Incentivada por uma colega, Adelsa começou a traduzir uma brochura para língua gestual, fez uma gravação de vídeo para partilhar num grupo de pessoas surdas, que estão na cidade da Praia e em outras ilhas.
“A minha filha de oito anos fez a gravação em casa através de um telemóvel”, recordou, dizendo que além do grupo privado, publicou depois os vídeos na sua página pessoal, onde notou maior feedback, tanto de pessoas ouvintes como de pessoas surdas.
Mas segundo Adelsa Tavares, a maior preocupação são as crianças e jovens que não têm acesso à Internet para ver os vídeos, e que certamente vão ficar um pouco excluídas de toda a informação sobre a pandemia que já se alastrou a 199 países e territórios em todo o mundo.
Outro incentivo veio de Maria Alice Figueiredo, a primeira presidente da Associação Cabo-verdiana de Surdos (ACS), que no dia 23 de março criticou na sua página no Facebook a exclusão das pessoas surdas da sensibilização a respeito do novo coronavírus.
“Podemos estar a seguir as orientações, mas eles não estão porque a informação não passa e podem infetar-se e serem agentes de transmissão do coronavírus. Não se vê nenhum programa da TCV a eles dirigido”, escreveu Maria Alice Figueiredo.
E no mesmo dia, Adelsa Tavares foi contratada pelo Governo e passou a traduzir para língua gestual as conferências de imprensa dos membros do Executivo cabo-verdiano, algumas delas transmitidas em direto na Televisão de Cabo Verde (TCV).

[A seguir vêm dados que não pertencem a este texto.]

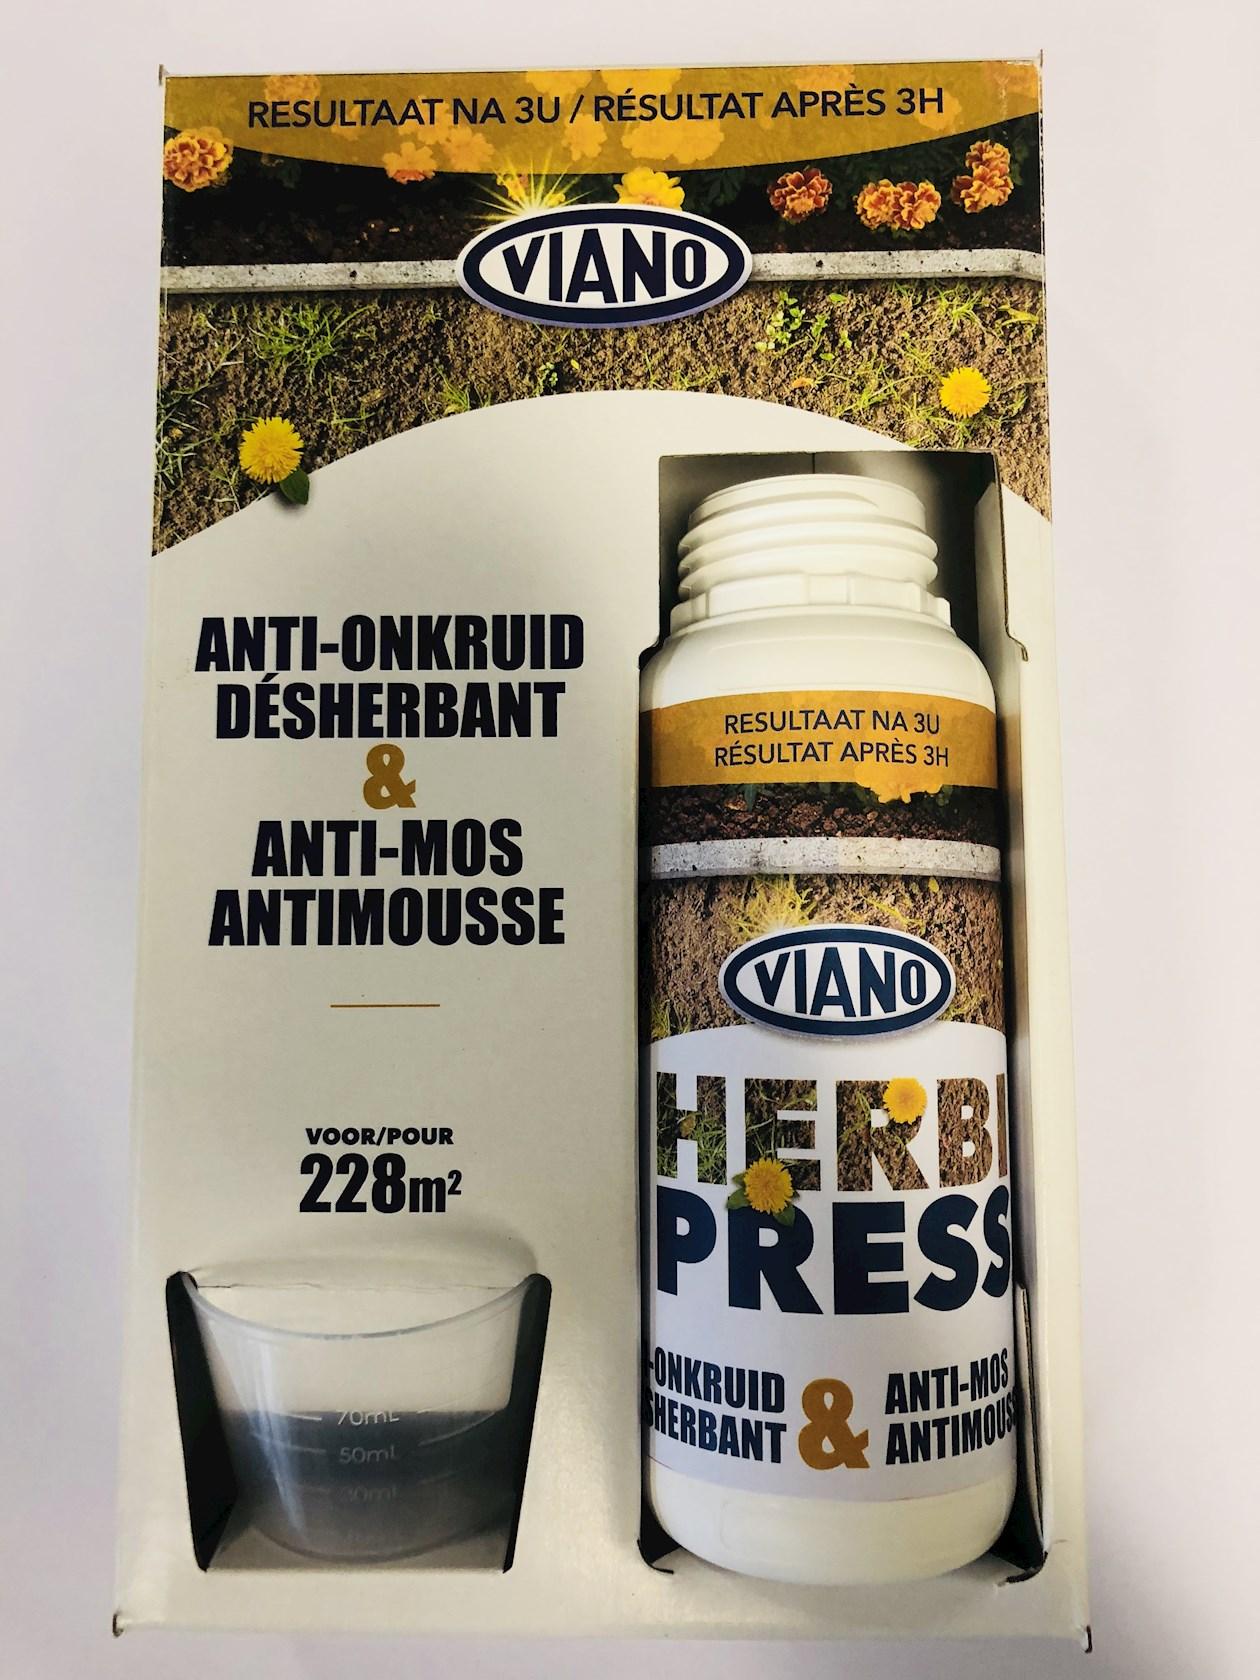 Herbi-press-0-5L-tegen-onkruid-en-mos

Mas mesmo assim, a tradutora notou que “fica sempre um vazio”, porque nas peças televisivas aparece apenas a tradução das declarações do membro do Governo.
A tradução na TCV era patrocinada por um dos bancos cabo-verdianos, mas Aldesa Tavares disse que o projeto terminou em dezembro, estando à espera de uma decisão do Ministério da Cultura e das Indústrias Criativas para possível retoma da língua gestual na televisão pública.
“Sobretudo nestes tempos era essencial para eles, porque teriam acesso a todas as informações de Cabo Verde e de outros países, teriam mais atenção e prevenção”, sublinhou a professora, que nestes dias não tem publicado vídeos, mas garantiu que envia mensagens a todos os surdos para ficarem atentos às conferências de imprensa diárias, às 10:00 locais (11:00 em Lisboa).
De acordo com o Instituto Nacional de Estatísticas (INE), existem em Cabo Verde cerca de 104 mil pessoas a viver com algum tipo de deficiência.
Relativamente às pessoas surdas, Adelsa Tavares disse que vivem as suas vidas de forma normal, alguns estão na escola e a frequentar o ensino profissional, mas o único e principal problema são as barreiras de comunicação, por falta de intérpretes suficientes no país.
Cabo Verde regista cinco casos de covid-19 e uma morte, entre as ilhas da Boa Vista e de Santiago (Praia), onde foi assinalado o primeiro caso de transmissão local.
O número de mortes causadas pela covid-19 em África subiu para 94 com os casos acumulados a ultrapassarem os 3.400 em 46 países, segundo a mais recente atualização das estatísticas sobre a pandemia.
O novo coronavírus, responsável pela pandemia da covid-19, já infetou mais de 600 mil pessoas em todo o mundo, das quais morreram quase 28 mil pessoas.